Class at Faculty of Social Sciences |
JSM128

Annotation

OUTLINE The interest in the concept of “identity” and the centrality that specific, discreet identities have acquired in the public sphere in recent times are unprecedented. Why this shift, why now? This course offers an introduction to the analytical study of collective identities and their psycho-social foundation, that is, a sense of “belonging”, from the perspective of social sciences and anthropology more in particular. It will introduce the critical study of identity and belonging to students that are perhaps not familiar with it, but also foster the understanding of a variety of social phenomena and dynamics related to identity construction, negotiation, and expression.
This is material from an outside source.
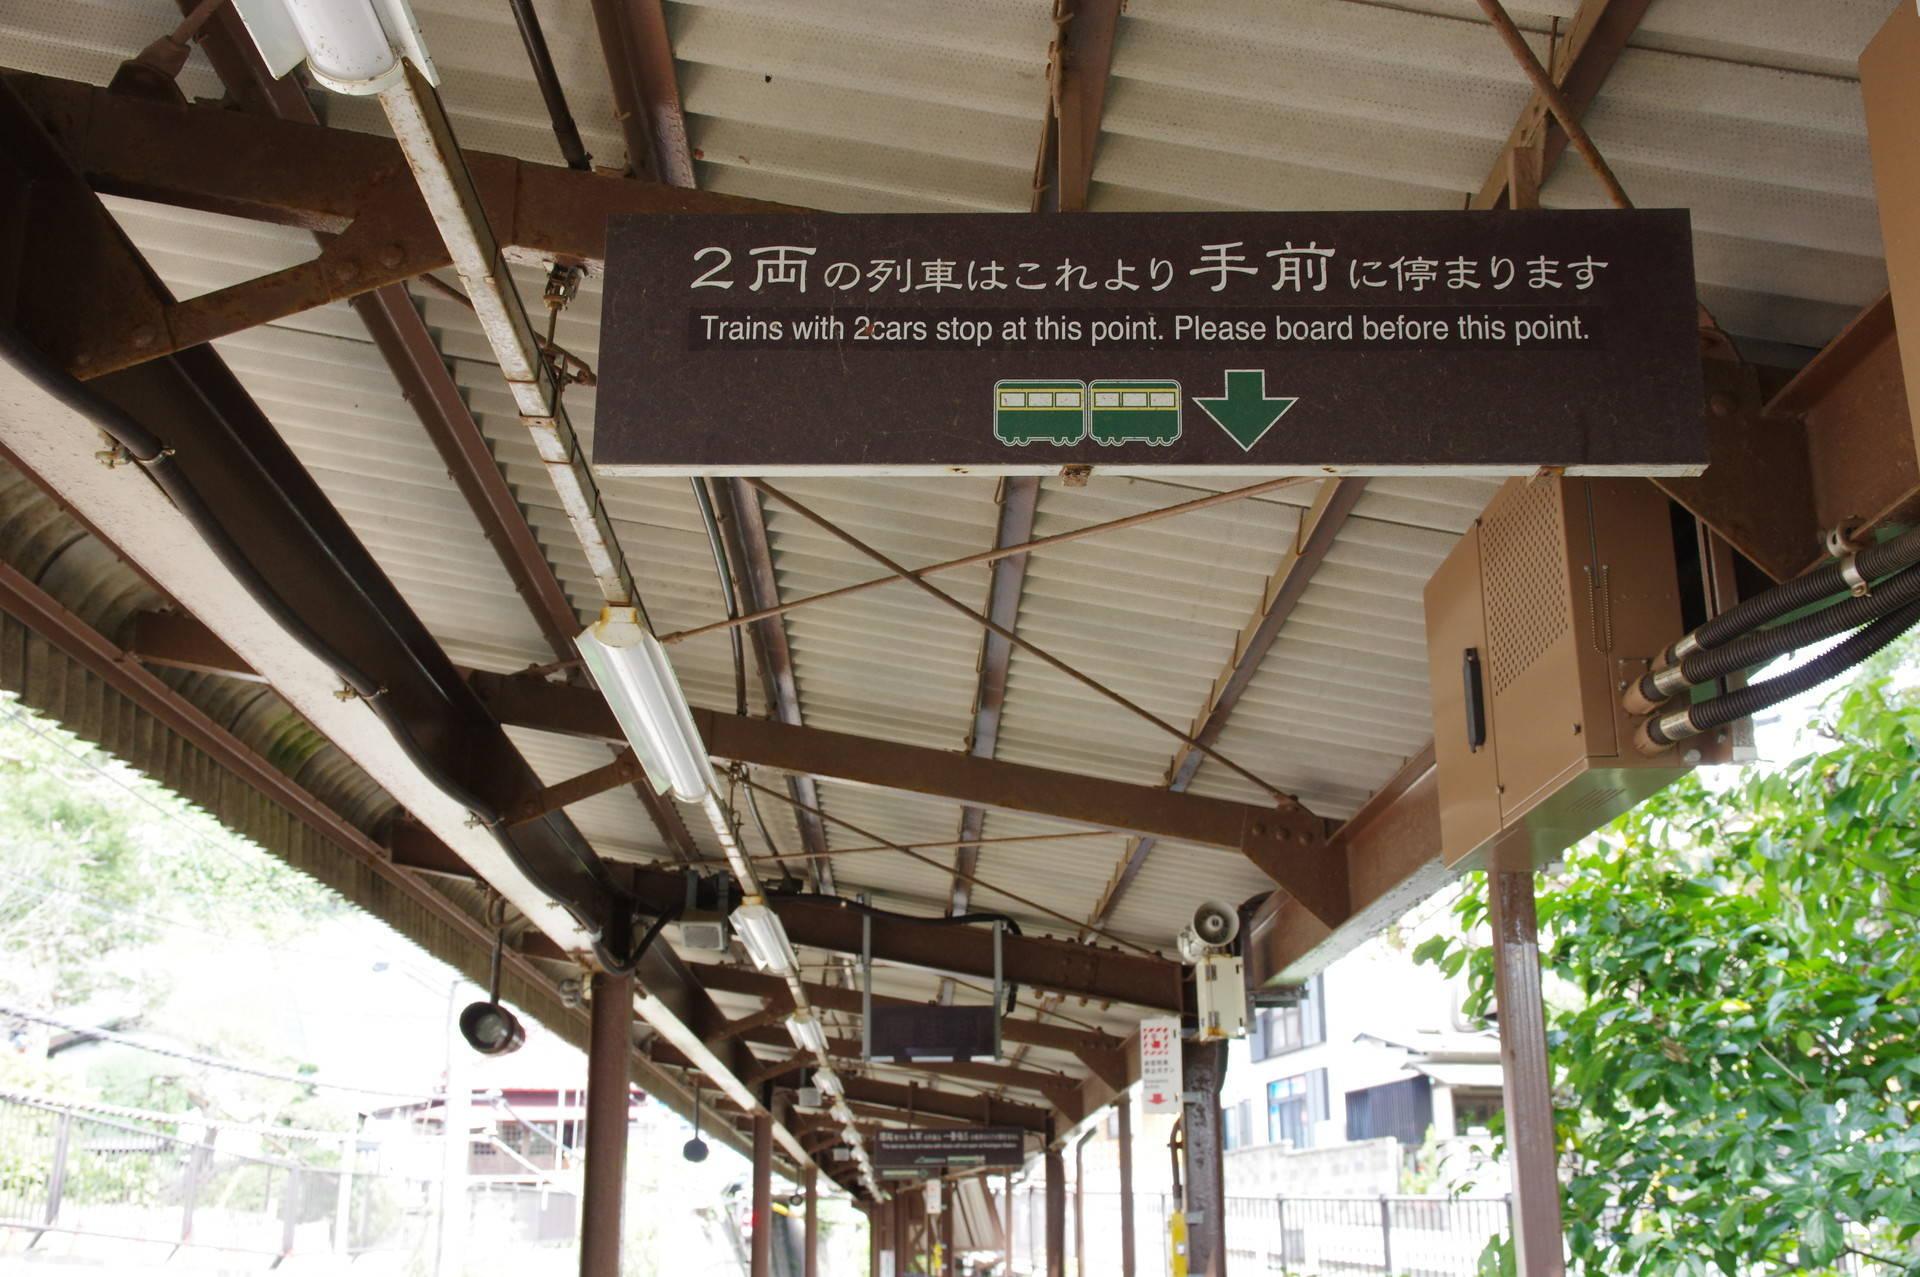 「2両の列車はこれより手前に停まります」の看板

Identity, understood not as an essential aspect or a natural fact, but as a historical, contingent, relational, and processual phenomenon, is in fact now recognised as an extremely important dimension at different levels: for the individual, for supra-individual configurations (such as work, family, the locality), but also and perhaps especially for greater social/collective spheres, which express themselves in terms of identities that can be sportive, religious, regional, national, or even supranational (e.g., European or cosmopolitan). We shall draw attention to the historical, cultural, and institutional processes that have led to the emergence and crystallization of specific collective identities, both as bottom-up historical phenomena (e.g., the collective national movements of the 1840s) or top-down political initiatives (e.g., the recent EU identity policies). Special attention will be given to the symbolic substances identities are made of (language, traditions, collective memories, histories, rituals, among others) and how such aspects are incorporated in – and expressed by – social actors, for example through body expressions (tattoos, hairstyle, clothing style) and collective forms of actions such as rituals. Analytical concepts like “nested identities”, “group dynamics” (“in-group” vs “out-group”), “presentation of the self”, and others shall be presented and analysed in the classroom, and also operationalized vis-à-vis concrete examples. To this end, an array of empirical case studies will be presented that will be chosen from the pertinent literature as well as from the lecturer’s historical and ethnographic investigations in several European contexts. STRUCTURE Tentative course structure

1) Introduction: Identity and belonging, individual vs social

2) Invited guest: religious and national identities, the case of Danmark

3) What is social or collective identity made of? Language, traditions, memories, histories, networks, institutions, and more

4) Identity of the self, identity of the body

5) Nested identities, identity markers, and sense of belonging at the micro- and meso-levels: family, neighbourhood, village, locality, city, region

6) Nested identities and identity markers at the macro-level: class, politics, religion, and sport fandom

7) Identities that shake the world: nation, nationhood, nationality, national identity, nationalism, and cosmopolitanism in different scholarly traditions (primordialism, modernism, and ethnosymbolism)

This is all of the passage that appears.